Zdaje sobie sprawę, że ktoś może mi i w bok wbiec, ale chodzi o to, zeby
wszyscy przeżyli w jako takim zdrowiu i to _prawie_ taką gwarancje daje.
> PS. W dzień taki jak dzisiaj spodziewając się przechodnia na osiedlowej
> dróżce turlając się powoli bo ślisko potrąciłem psa na przejściu.
> Wbiegł dokładnie jak ten dzieciak
ALe zrobiłeś co się dało po pierwsze minimalizując prawdopodobieństwo,
po drugie ograniczając skutki.
Shrek
-
24. Data: 2018-12-17 12:36:48
Temat: Re: suweren nie rokuje
Od: p...@g...com
-- Mógł, ale nie zabił, bo zastosował się do przepisów.
przepisy nakazuja zachowanie szczegolnej ostroznosci a tu tryb zombie mimo stojacych
aut i specjalnie oznakowanego przejscia
--Po prostu pech.
oczywiscie :-)
-
25. Data: 2018-12-17 12:41:20
Temat: Re: suweren nie rokuje
Od: Shrek <...@w...pl>
W dniu 17.12.2018 o 10:50, J.F. pisze:
> No to przeciez jak u nas - dziecko do 10 lat samo po drodze publicznej
> nie moze.
Trzecia prawda. Do 7 lat. Co najmniej dyszkę musi mieć "opiekun". No i
nie dotyczy strefy zamieszkania i drogi wyłacznie dla pieszych.
Shrek
-
26. Data: 2018-12-17 12:55:04
Temat: Re: suweren nie rokuje
Od: q...@t...no1 (Queequeg)
kk <k...@o...pl> wrote:
>> Jakimś pomysłem jest, żeby dziecko było pod opieką swojego opiekuna.
>
> "Pod" to nie zawsze znaczy to samo
Pod opieką, czyli niewbiegające prosto pod jadące samochody.

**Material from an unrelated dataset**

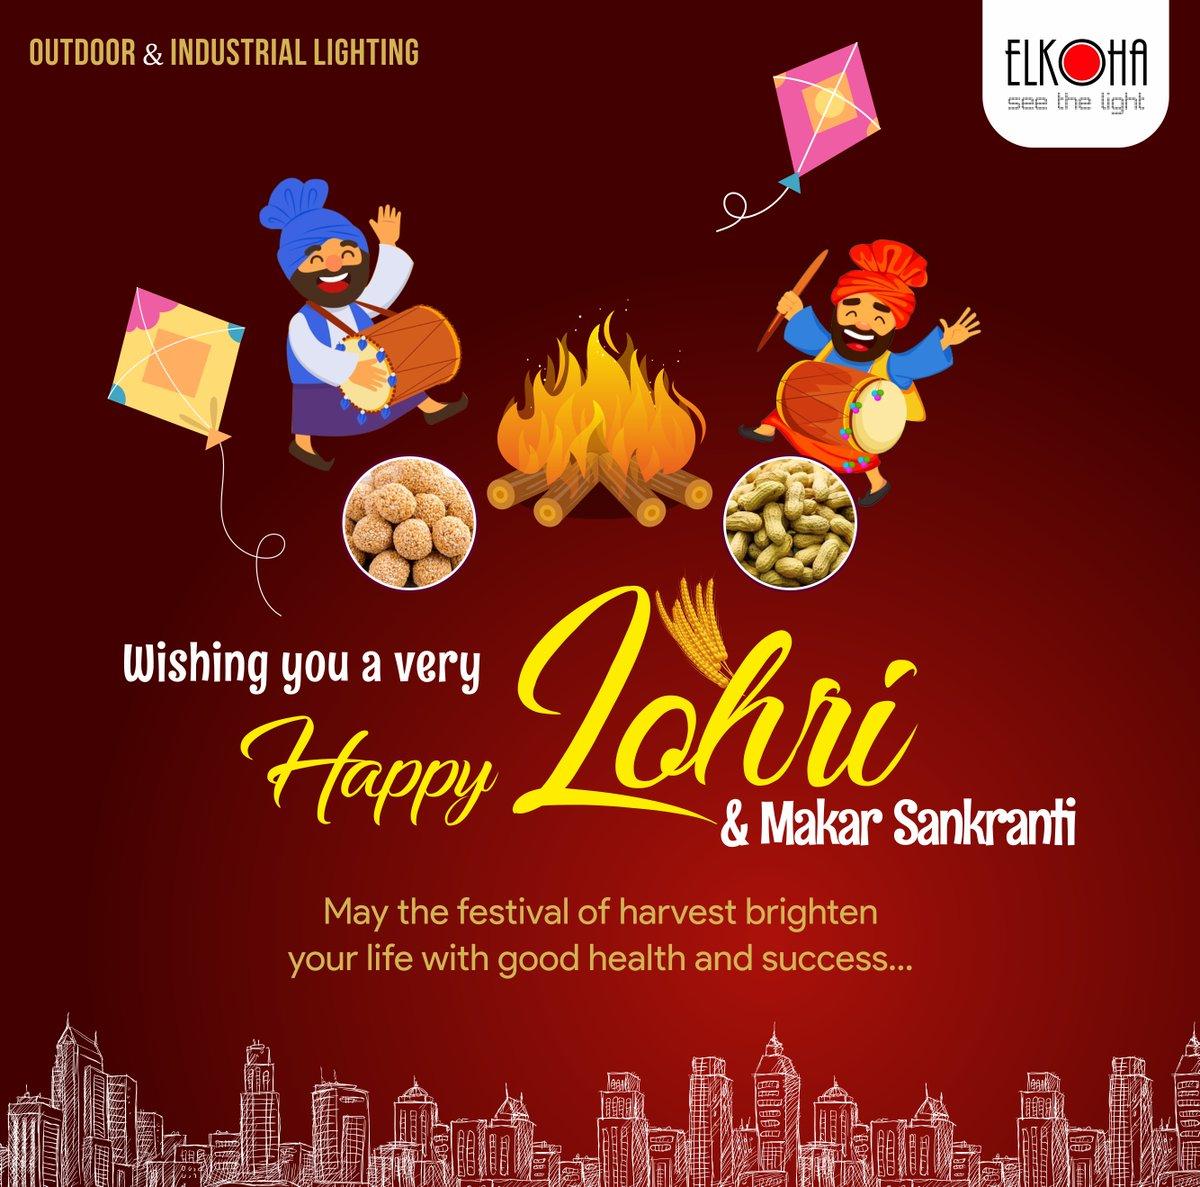 Seasons Greetings from Elkoha.  Happy Lohri & Makar Sankranti_2021 #happylohri #lohri #festival #happy #lohricelebration #celebration #india #makarsankranti #lohrifestival #happymakarsankranti #elkoha #Lighting #LED #LEDlighting #Elcomponics #ledlightingsystems #LEDlights #light https://t.co/jjZedJdQsx
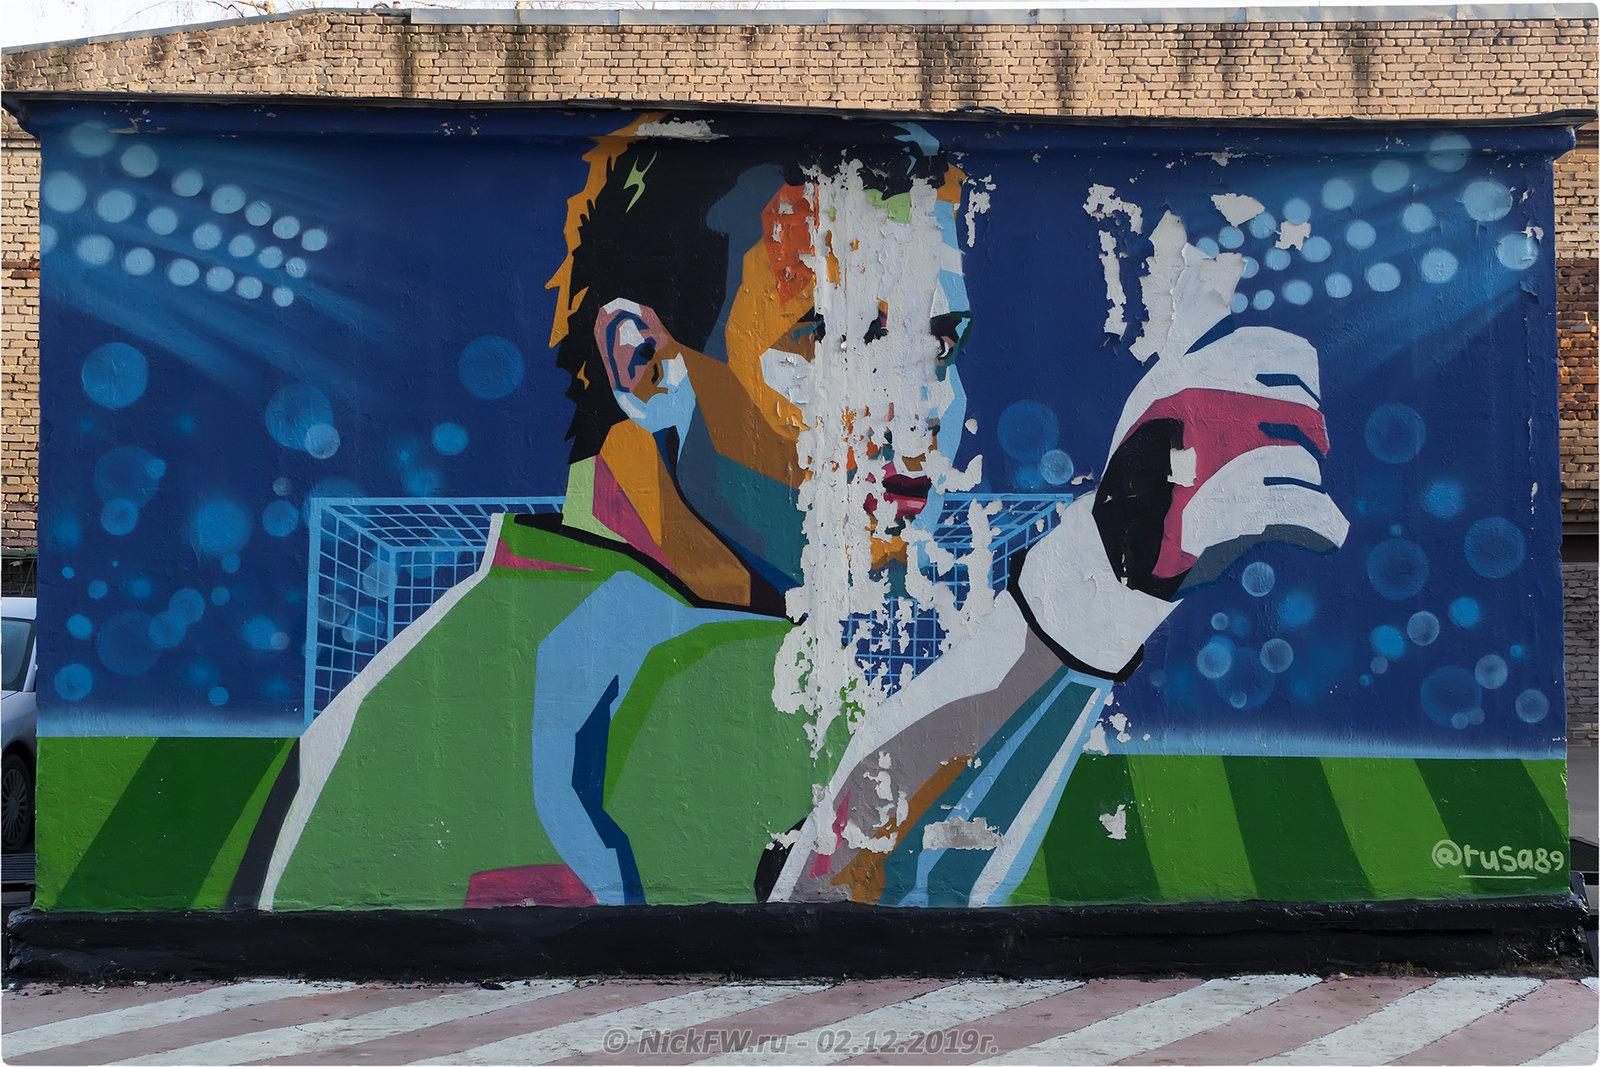 3. Футбольные граффити © NickFW.ru - 02.12.2019г.

Nie
interesuje mnie, jak opiekun to osiągnie.
--
https://www.youtube.com/watch?v=9lSzL1DqQn0
-
27. Data: 2018-12-17 13:09:24
Temat: Re: suweren nie rokuje
Od: nadir <n...@h...org>
W dniu 2018-12-17 o 10:57, j...@j...org pisze:
> Coś konfabulujesz, nigdzie nie pisałem o 0 km/h.
>
> Ty z tych, którym mechanik cegłę przywiązał do pedału gazu i mają w d.... życie
ludzi?
A Ty z tych co po "polskiemu" wymądrzają się i proponują nam drugą Japonię?
-
28. Data: 2018-12-17 13:09:34
Temat: Re: suweren nie rokuje
Od: Shrek <...@w...pl>
W dniu 17.12.2018 o 06:05, ddddddddddddd pisze:
>> Anglicy maja pomysl.
>
> to akurat prawda, ludzie nauczeni nie włazić pod koła, w stosunku do
> Polski naprawdę mało takich przypadków i wygląda to tak jakby według
> prawa samochód miał pierwszeństwo (pomijając przejścia z żółtymi
> lampkami, ale i tam nieczęsto wejdą pod koła)
A wynika to z tego, że tam się łazi wszędzie i trzeba koegzystować -
wszyscy do tego dorośli. U nas przejścia wbrew nazwie nie były dla
pieszych a przeciw nim - żeby gdzie indziej pieszych nie było. A i
pierwszeństwo na nich jest pierwszeństwem Schrodingera.
Shrfek
-
29. Data: 2018-12-17 13:27:25
Temat: Re: suweren nie rokuje
Od: Zenek Kapelinder <4...@g...com>
Kto w Anglii jest aborygenem?
-
30. Data: 2018-12-17 13:28:37
Temat: Re: suweren nie rokuje
Od: Shrek <...@w...pl>
W dniu 17.12.2018 o 12:17, Liwiusz pisze:
> W dniu 2018-12-17 o 12:08, p...@g...com pisze:
>> -- Przecież tu kierowca jechał wolno, nawet jakby jechał 20/h, to nie
>> uchroni go to przed wybiegnięciem karła zza przeszkody.
>>
>> jest subtelna roznica w drodze hamowania i skutkach wypadku w
>> zaleznosci od predkosci ale to juz sad wyceni
>
> Kilka metrów hamowania łącznie z reakcją, na śliskiej nawierzchni, to
> nie była szybka jazda.
Zgrubnie 20 metrów w 1.25s (policzyłem od wjazdu na czerwoną linie do
bum - 5 sekund przy szybkości 0.25, oceniłem to na 20 mertów). 57 km/h -
to nie jest odpowiednia prędkość do pokonywania przejść na nkórych nie
mamy widoczności. Chyba że coś źle policzyłem, ale błąd IMHO nie
powinien być większy niż 25%, więc i tak wychodzi w okolicy 50.